[][src]Crate refl

Provides a refl encoding which you can use to provide a proof witness that one type is equivalent (identical) to another type. This can be used to encode a subset of what GADTs allow you to in Haskell.

This is encoded as:

use core::mem;
use core::marker::PhantomData;

pub struct Id<S: ?Sized, T: ?Sized>(PhantomData<(fn(S) -> S, fn(T) -> T)>);

impl<T: ?Sized> Id<T, T> { pub const REFL: Self = Id(PhantomData); }

pub fn refl<T: ?Sized>() -> Id<T, T> { Id::REFL }

impl<S: ?Sized, T: ?Sized> Id<S, T> {
    /// Casts a value of type `S` to `T`.
    ///
    /// This is safe because the `Id` type is always guaranteed to
    /// only be inhabited by `Id<T, T>` types by construction.
    pub fn cast(self, value: S) -> T where S: Sized, T: Sized {
        unsafe {
            // Transmute the value;
            // This is safe since we know by construction that
            // S == T (including lifetime invariance) always holds.
            let cast_value = mem::transmute_copy(&value);

            // Forget the value;
            // otherwise the destructor of S would be run.
            mem::forget(value);

            cast_value
        }
    }

    // ..
}

In Haskell, the Id<A, B> type corresponds to:

data a :~: b where
    Refl :: a :~: a

However, note that you must do the casting manually with refl.cast(val). Rust will not know that S == T by just pattern matching on Id<S, T> (which you cannot do).

Limitations

Please note that Rust has no concept of higher kinded types (HKTs) and so we can not provide the general transformation F<S> -> F<T> given that S == T. With the introduction of generic associated types (GATs), it may be possible to introduce more transformations.
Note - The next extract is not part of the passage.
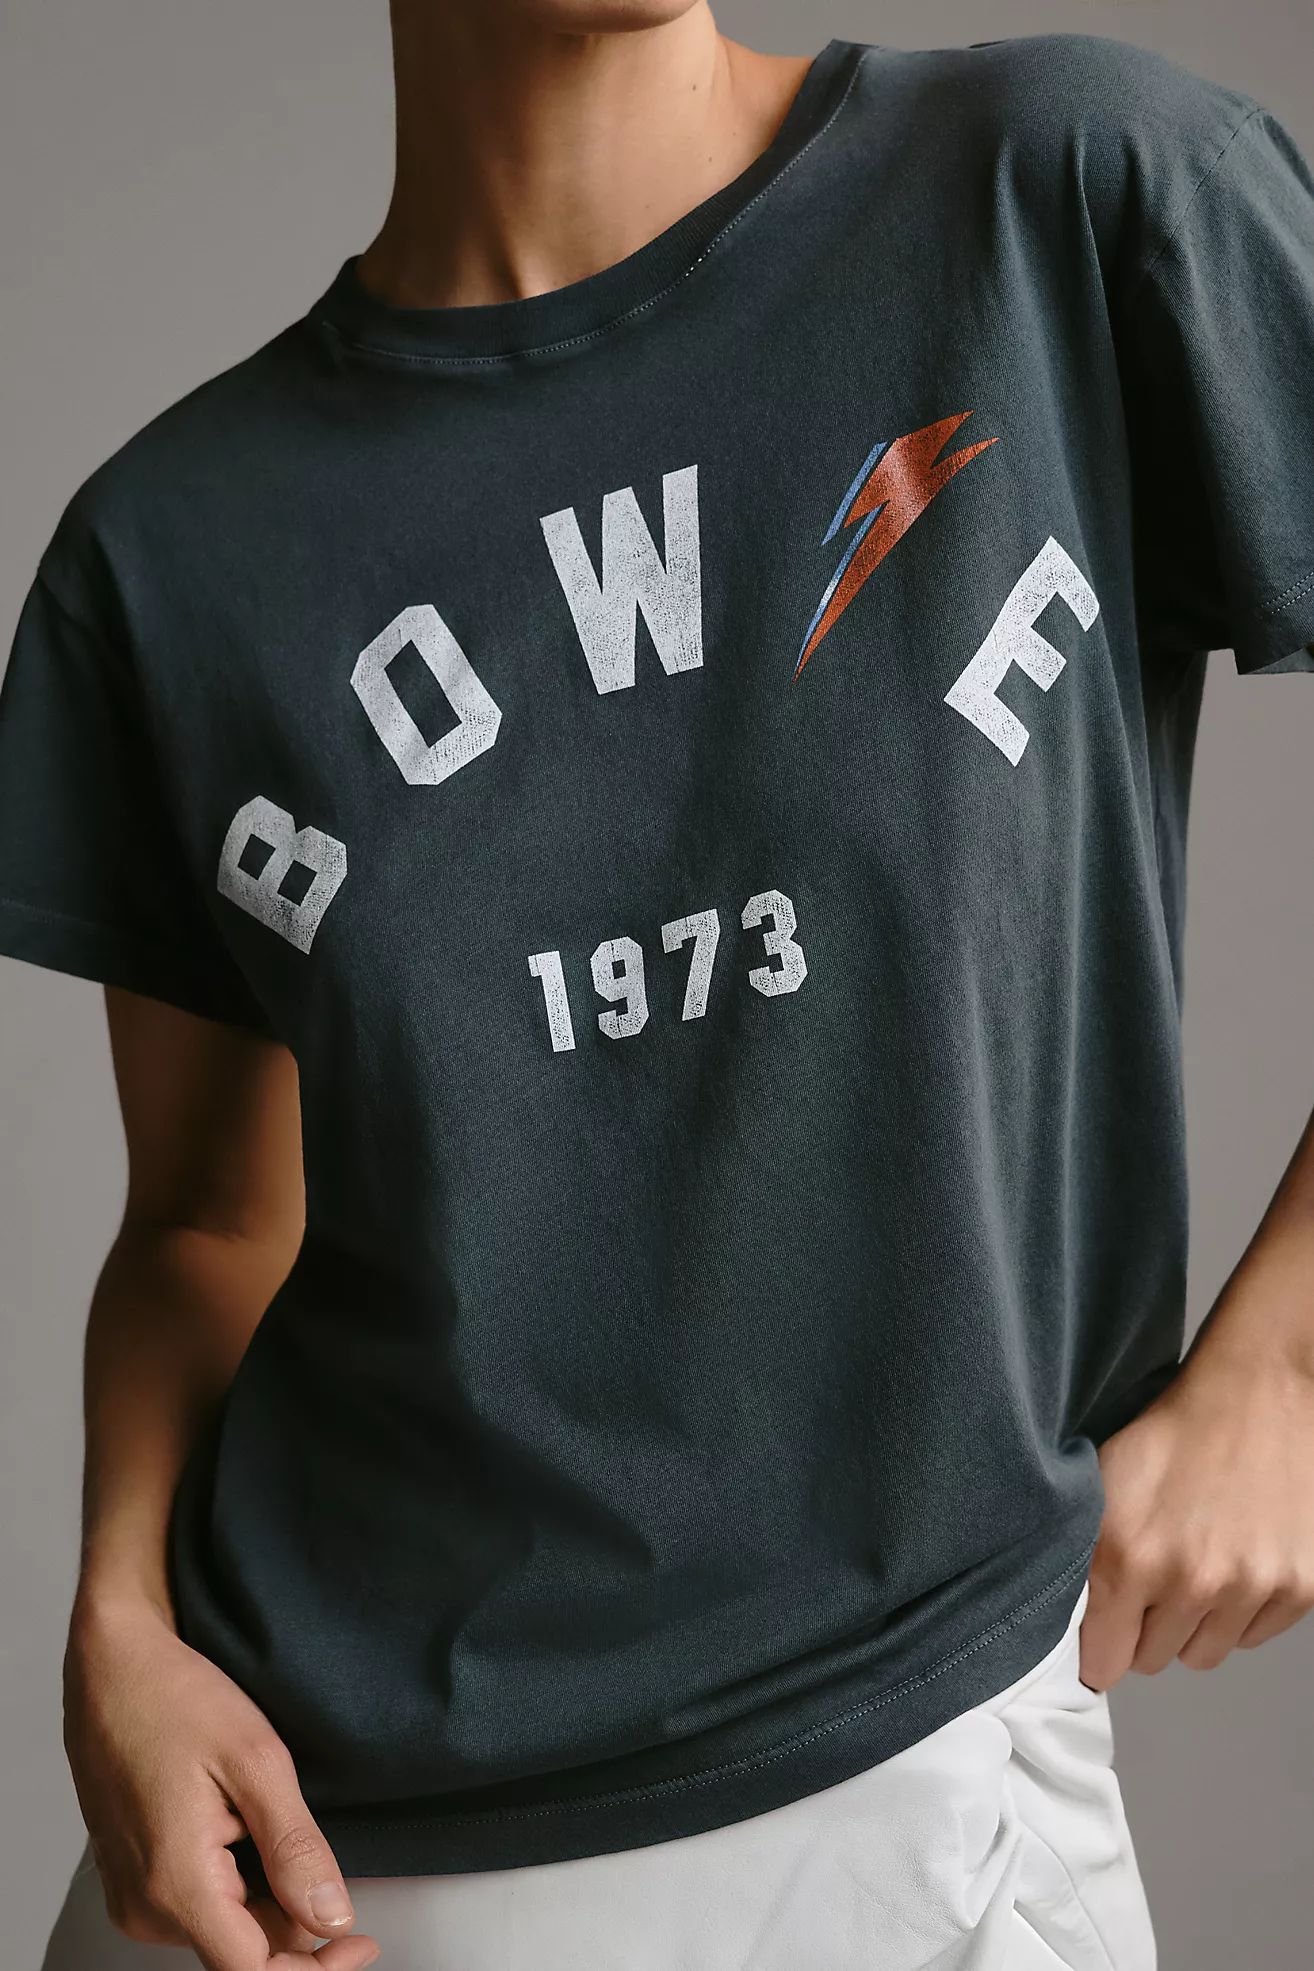 Bowie 1973 Tee | Anthropologie (US)

Example - A GADT-encoded expression type

use refl::*;

trait Ty { type Repr: Copy + core::fmt::Debug; }

#[derive(Debug)]
struct Int;
impl Ty for Int { type Repr = usize; }

#[derive(Debug)]
struct Bool;
impl Ty for Bool { type Repr = bool; }

#[derive(Debug)]
enum Expr<T: Ty> {
    Lit(T::Repr),
    Add(Id<usize, T::Repr>, Box<Expr<Int>>, Box<Expr<Int>>),
    If(Box<Expr<Bool>>, Box<Self>, Box<Self>),
}

fn eval<T: Ty>(expr: &Expr<T>) -> T::Repr {
    match expr {
        Expr::Lit(val) => *val,
        Expr::Add(refl, l, r) => refl.cast(eval(l) + eval(r)),
        Expr::If(c, i, e) => if eval(c) { eval(i) } else { eval(e) },
    }
}

fn main() {
    let expr: Expr<Int> =
        Expr::If(
            Box::new(Expr::Lit(false)),
            Box::new(Expr::Lit(1)),
            Box::new(Expr::Add(
                refl(),
                Box::new(Expr::Lit(2)),
                Box::new(Expr::Lit(3)),
            ))
        );

    assert_eq!(eval(&expr), 5);
}

Structs

Id

A proof term that S and T are the same type (type identity). This type is only ever inhabited when S is nominally equivalent to T.

Functions

refl

Construct a proof witness of the fact that a type is equivalent to itself.